Riesenerfolg mit Minimalismus
Die BMW R nineT Pure ist ein aufs Nötigste reduziertes Nostalgie-M otorrad. Weitere Versionen sind zu erwarten.
Vor vier Jahren überraschte BMW die Motorradwelt mit einem nostalgischen Naked Bike und machte sich damit zum 90. Geburtstag selbst das schönste Geschenk. Der minimalistische RetroRoadster BMW R nineT entpuppte sich sofort als Riesenerfolg. Und als Trendsetter, denn das klassische Bike gehört heute zu den absoluten Bestsellern der deutschen Zulassungsstatistik.
Mittlerweile hat BMW unter dem Label Heritage (Erbe) vier Ableger der R nineT (15 200 Euro) nachgeschoben, bis hinunter zur neuen, besonders puristischen und relativ erschwinglichen R nineT Pure für 12 300 Euro. Die entpuppt sich im Test zwar als durchaus einfach, aber vor allem ist sie einfach gut.
Kein Schielen auf eine Ganganzeige oder den Benzinstand, sondern Schalten nach Gehör und Gefühl sowie Tanken, wenn ein simples Lämpchen aufleuchtet. Nach diesem puristischen Strickmuster hat BMW 2014 mit der R nineT das Biken aufs Wesentliche reduziert.
Noch minimalistischer ist jetzt der neue Ableger BMW R nineT Pure, der seinem Namen voll gerecht wird. Das deutlich teurere Original namens R nineT glänzt mit hochwertigen Fahrwerkskomponenten und einem Alutank mit handgebürsteten Flanken. Die R nineT Pure dagegen ist für 1900 Euro weniger zu haben, weil einfachere Zutaten und ein Stahltank genügen.
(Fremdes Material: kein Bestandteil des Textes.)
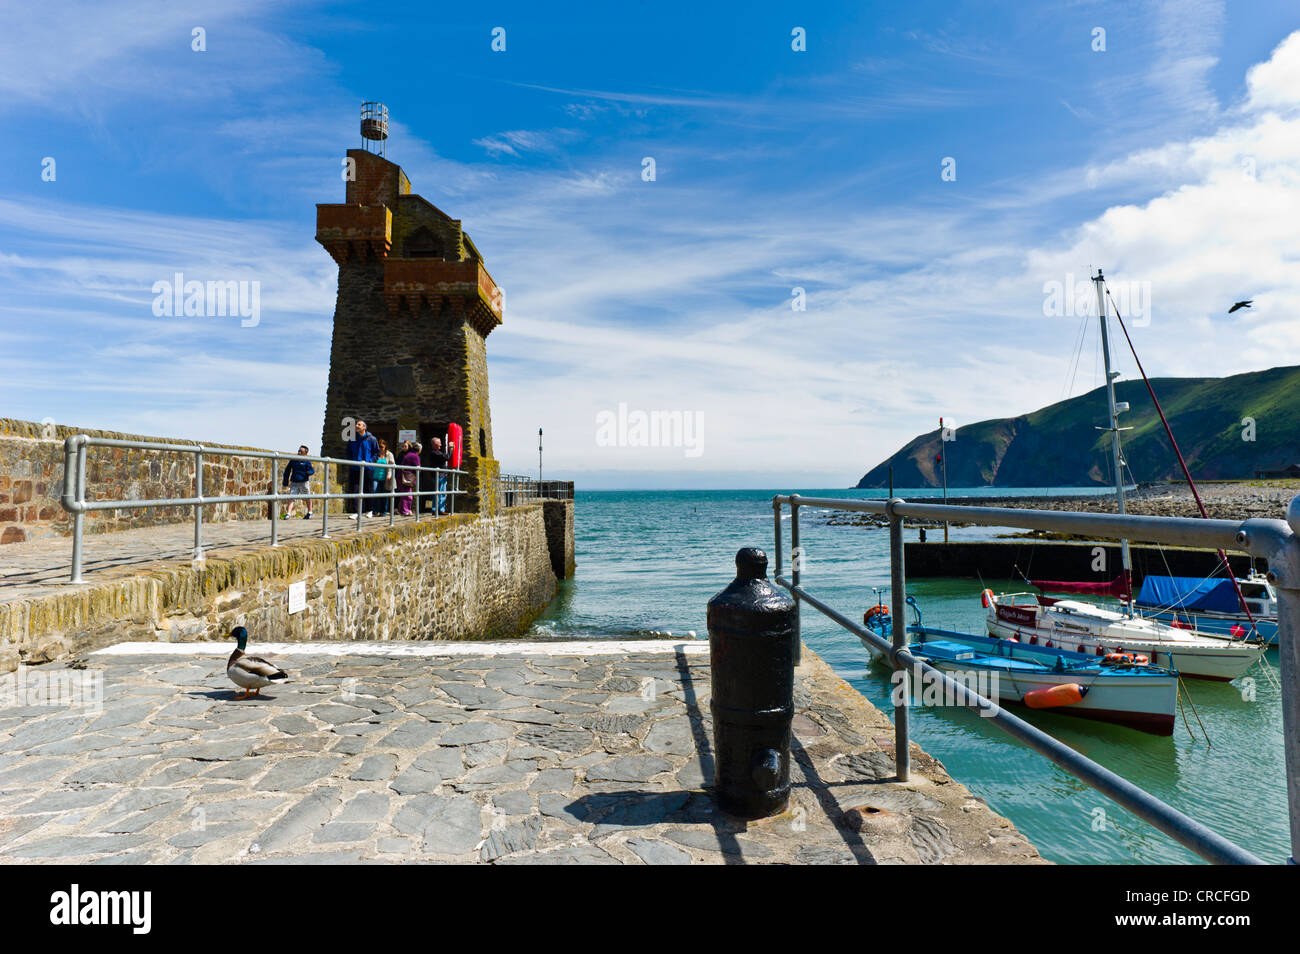 The Rhenish tower on the harbour wall at Lynmouth. Stock Photo

Sie macht das offenbar so reizvolle Phänomen R nineT einigermaßen erschwinglich.
Und unser Test zeigt: Die R nineT Pure verlangt ihrem Besitzer dafür keine schmerzlichen Zugeständnisse ab. Ausnahme sind die Rückspiegel. Sie stammen aus dem BMW-Regal und zeigen auch auf einer deutlich günstigeren F 700 GS, was hinter dem Bike passiert. Sie passen aber so gar nicht zur insgesamt gelungenen Retro-Optik der R nineT Pure mit dem klassischen stählernen Rundscheinwerfer oder vielen liebevoll gefertigten Aluteilen etwa an der Lenkerbrücke. Doch das Spiegel-Problem lässt sich leicht lösen. Solche Retro-Bikes schreien ohnehin förmlich danach, dass man an ihnen herumschraubt und sie individualisiert, auf Neudeutsch Customizing genannt. Da halten der BMW-Händler und der Zubehör-Handel reichlich Möglichkeiten bereit. Die runden Rückspiegel der Schwestermodelle R nineT Scrambler und Urban G/S würden auch der Pure weitaus besser stehen.
Einfach gut klingt der Auspuff der R nineT Pure. Schon im Serientrimm knattert und grummelt der Boxer damit nach Herzenslust. Dahinter stecken eine elektronisch gesteuerte Abgasklappe und der österreichische Klangtüftler Remus. Die Pure ist aber nicht nur ein Ohrenschmaus, sondern auch ein erstaunlicher Hingucker. Gerade ihr charakteristisches Grau, das eigentlich an eine Grundierung erinnert, passt hervorragend zum Gesamtbild des Roadsters. Der Ton heißt „Catalanograu“und ist das farbliche Unikat für die Pure.
Dass die BMW-Entwickler beim Projekt Pure an Fahrwerkskomponenten gespart haben, wird der Normalo-Biker auf öffentlichen Straßen kaum bemerken. Das teurere Vorbild R nineT hebt sich vor allem durch die edle, goldene Gabel von der Pure ab, die mit einer einfacheren schwarzen Gabel daherkommt. Man sitzt zwar nur fünf Millimeter höher als auf der besonders flachen R nineT, dennoch fühlt sich die Pure deutlich bequemer an. Das wird lediglich durch die schmale, flache und nicht gerade weiche Sitzbank etwas eingeschränkt.
Der drehmomentstarke 1,2-Liter-Boxer, der mit Luft und Öl gekühlt locker die gesetzlichen Abgas-Hürden nimmt, treibt die BMW R nineT Pure souverän an – und ebenso alle weiteren vier R nineTVersionen: die erste R nineT von 2013 sowie die R nineT Scrambler, Racer, Pure und Urban G/S. Fünf Mitglieder gehören derzeit zu BMWs erfolgreicher Heritage-Familie. Der Erfolg aller Varianten lässt weitere Motorräder dieser Art erwarten.